永久機関は存在しない」熱力学によって証明済のこの命題ですが、いまだに騙される人がおります。
一度動き始めれば、永久にエネルギーを生み出すマシンは、人間のロマンなんでしょうなあ。
ついつい、願望が「現実にあること」とごっちゃになってしまうわけです。

ですが、この「永久機関」が、熱力学上のものであればただちに否定するはずのものですが、ことが経済に移りますと、たわいもない永久機関マジックに人ははまってしまうのです。
以下に、簡単に説明しましょう。

日本国の国債残高はすでに1000兆円の大台確実というお話は皆さんご存知と思いますが、こう言ったらどうでしょう?
すなわち
「日本国債は、すべてが日本人が購入している(実際は91%)。よって、日本政府が発行した国債のお金は政府の財政出動によって、再び民間に移動しただけであるから、絶対に破綻することはない」

政府が国債を発行しますと、民間が買います。すると、お金は政府に移動します。民間は国債を受け取ります。
政府はお金がないので、国債を売って得たお金をじゃんじゃん使います。
使ったお金は、民間が受け取るわけで、それによって民間はお金持ちになります。(国債+政府出動のお金を持つことになる)
すると、どうなるでしょうか?
民間はとてもお金持ちですので、再び政府の国債を引き受けることができます。
すると、国内消化を続ける限り、永久に政府は国債を発行しつづけることができて、破綻しません。
見事な経済版の永久機関の出来上がり!となります(笑)

この話の奇妙さは、すぐに誰でも気が付くことができます。
つまり、これが事実であれば、国民はだれも働く必要がありません。

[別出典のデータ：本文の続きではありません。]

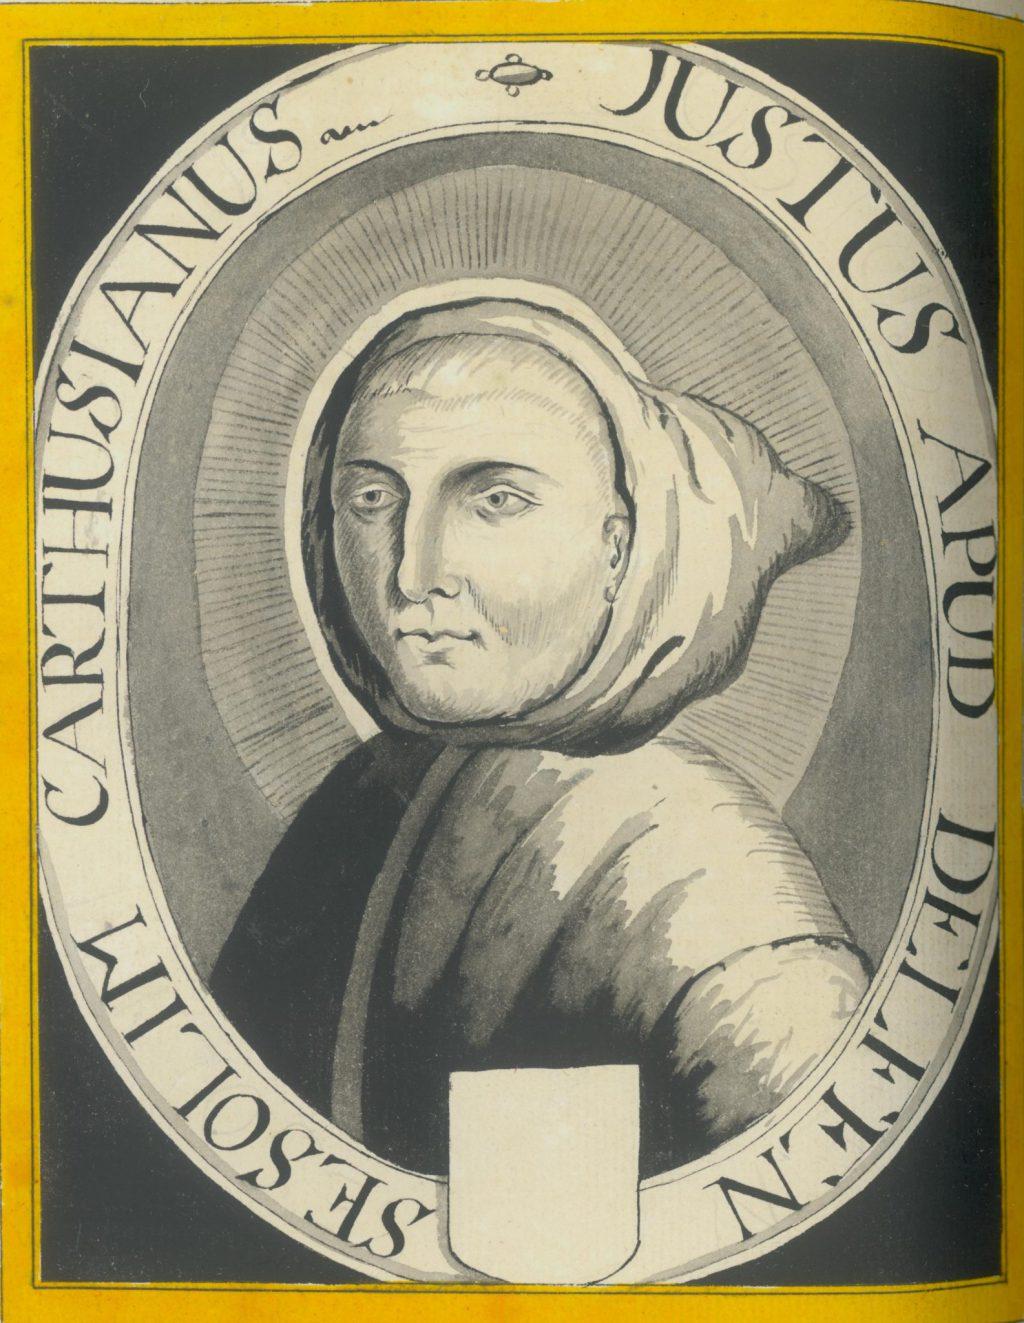 Portret van Justus van Schoonhoven (TMS 71558)
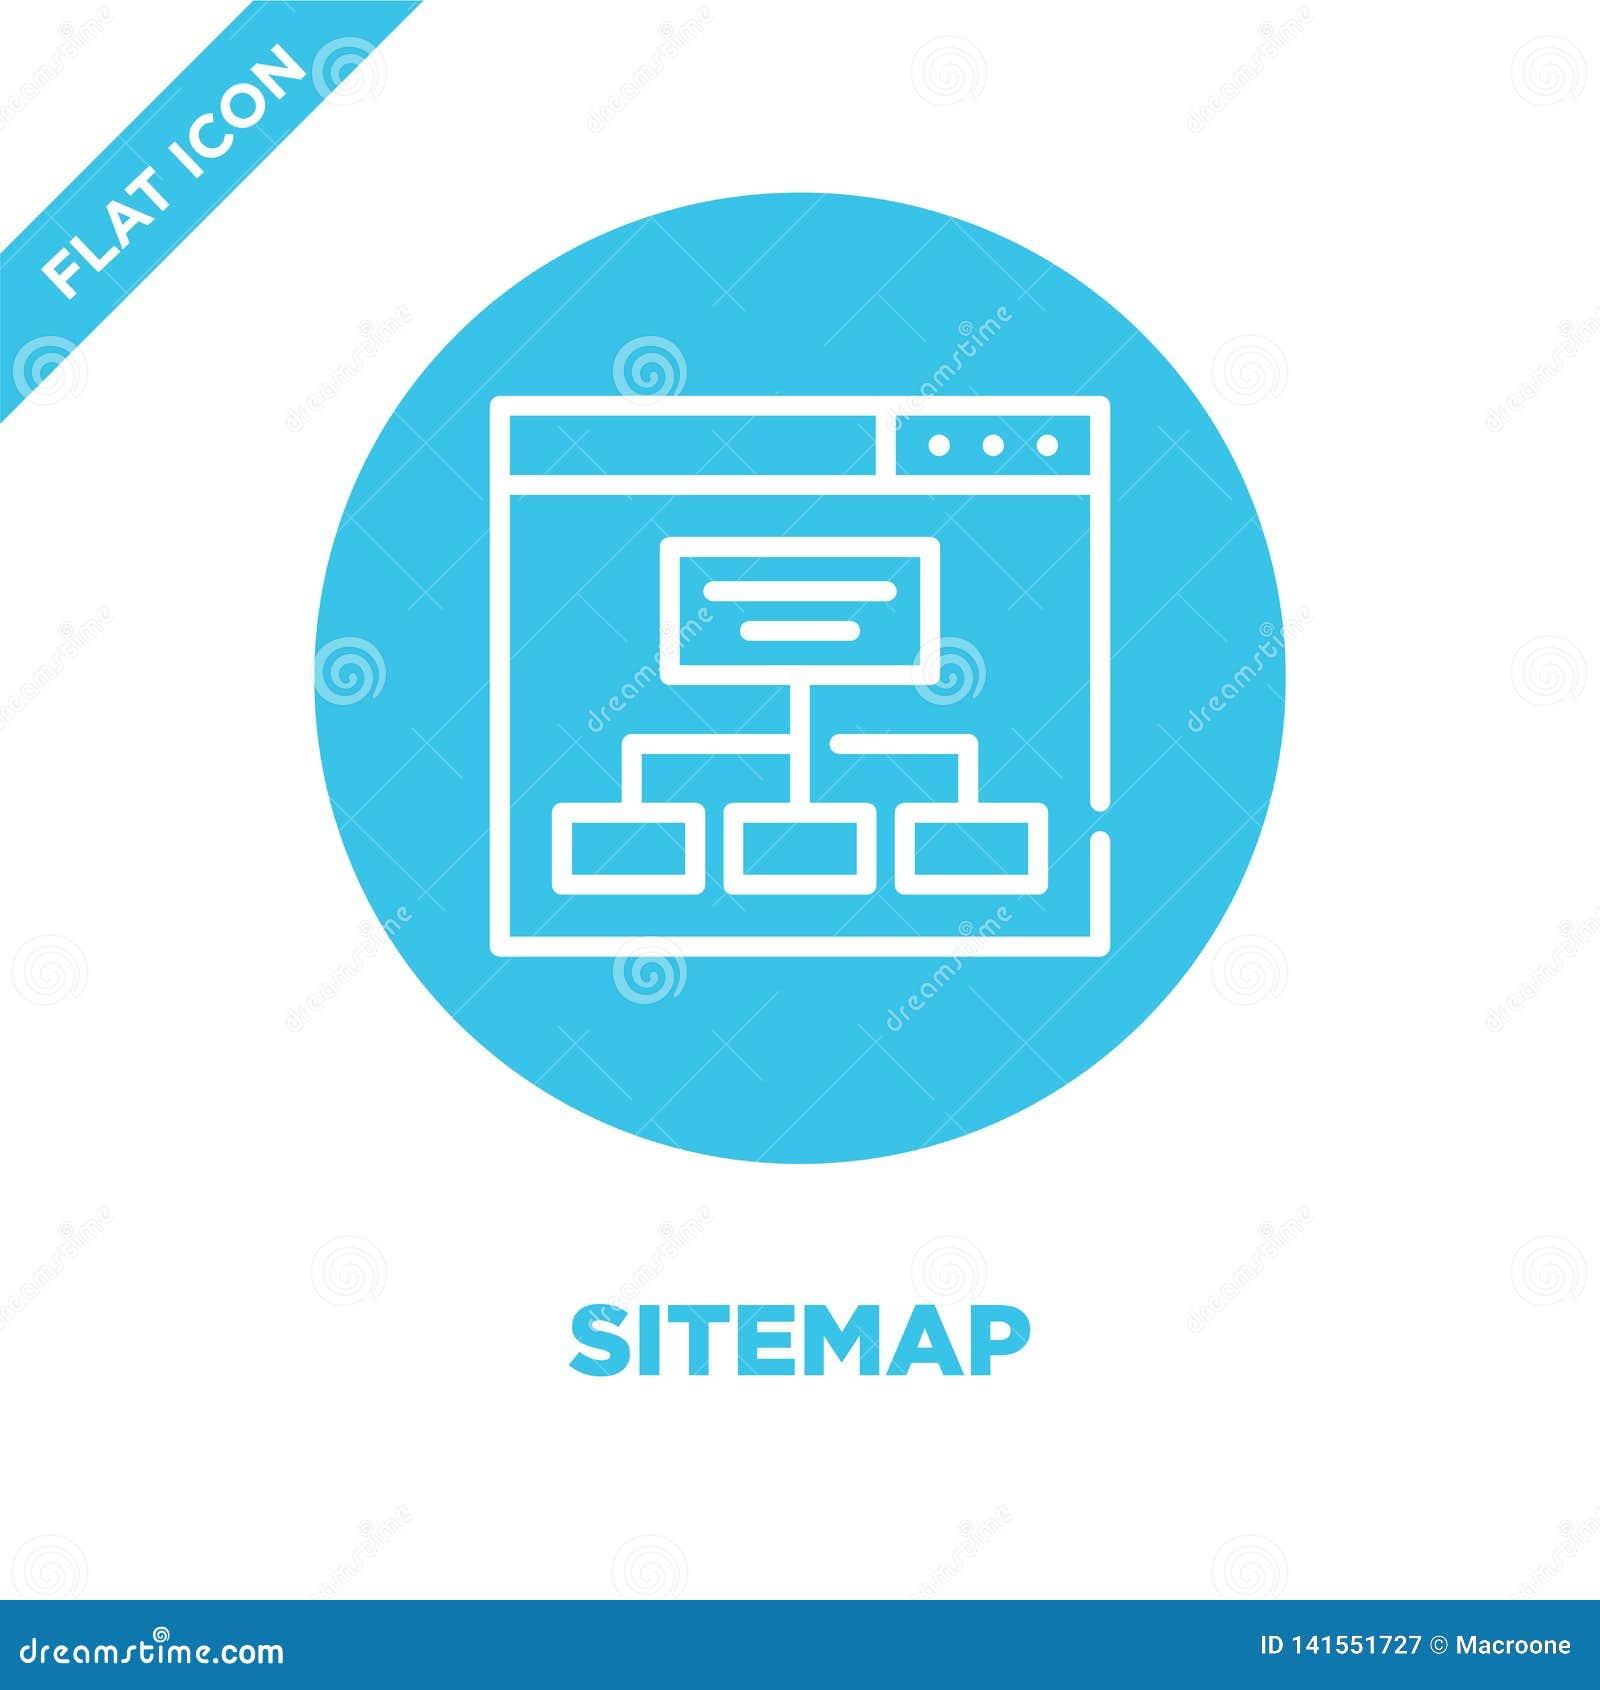 Vetor do ícone do sitemap Linha fina ilustração do vetor do ícone do esboço do sitemap símbolo do sitemap para o uso na Web e em

寝ていても、永久に税金で食べられる(笑)夢の無税国家が誕生します。
永久機関がホンモノであれば、エネルギーはタダで得られるのと一緒です。

残念ながら、あり得ません。

よく考えてみますと、先の国債発行の例で行けば、国民資産のうち半分が国債、半分がお金となっています。国債の裏付けは、国民の将来のお金(納税)です。国債の償還ができないために、また国債を発行するということは、そのぶん将来のお金を渡すことになります。その比率がどんどん増えていくと、どんどん将来のお金を渡すことになります。そうすると、今持っているお金の比率はどんどん下がっていきます。これでバランスをとればすごいインフレになります。
また、国債の償還ができないときは、むりやり国民がもっているお金を取り上げるしかないこともわかります(預金封鎖です)
預金封鎖すれば政府は破綻しませんが、民間が強制的に肩代わりするだけの話です。

難しい話ではなくて、フリーエネルギーはない、無から有は生じないというだけの話です。
永久機関はあり得ないといえば、ごく当然の話ですね。

それでも、話の対象が経済になった瞬間に、永久機関があるのではないか、無から有が生じるのではないか、と人間は思ってしまうのです。
つまり願望が、「現実にあること」とごっちゃになってしまうのですね。

結局、人間の夢なんでしょうなあ。